Fabian se puso en pie y movido por un impulso, rodeó con los brazos la pequeña y enjuta figura de Annie Estaque mientras le plantaba un beso en una de sus apergaminadas mejillas.
—Gracias, Annie. No quiero marcharme.
—Yo tampoco quiero que te vayas —respondió Annie, sorprendida al descubrir que realmente así lo sentía, y no solo por el excelente café—. Ahora lárgate y déjanos a solas.

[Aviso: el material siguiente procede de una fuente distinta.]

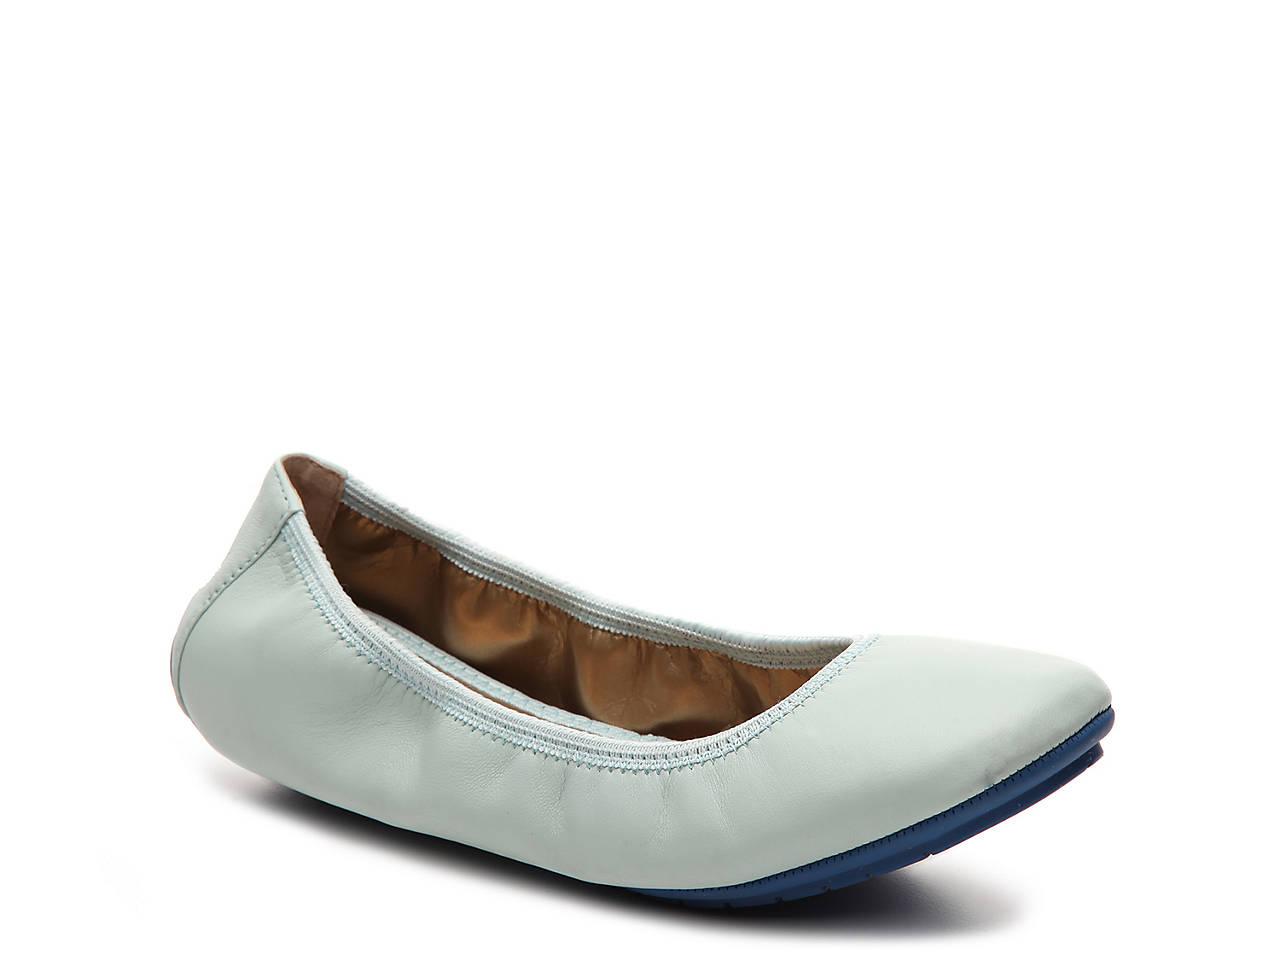 76b983bb1a Me Too Tru Blu Ballet Flat Men s Shoes

Stephanie se sentía renacer. Estaba sentada sobre la hierba en la ladera que se extendía por encima de Picarets y la refulgente luz del sol contribuía a aumentar su optimismo.
La vida era bella.
Tenía previsto inaugurar el centro de jardinería a principios de mayo, y el proceso de inspección para obtener el certificado de producción ecológica ya estaba en marcha. Con el anticipo de la primavera de las últimas semanas, el plantel iba muy bien, y habría suficiente para todo el verano. Pero sabía que no tardaría mucho en necesitar más. Y que eso requería más espacio, razón por la cual había pasado la mañana visitando un terreno que tal vez podría arrendar.
Había salido del pueblo y en vez de girar en la antigua carretera de la cantera había continuado todo recto por el asfalto, cada vez más estrecho, hasta que este desapareció para dar paso a una pista llena de baches y dañada por las heladas invernales. La furgoneta avanzó dando tumbos durante unos cuantos minutos, hasta el lugar en el que la pista terminaba en una rotonda en medio del bosque.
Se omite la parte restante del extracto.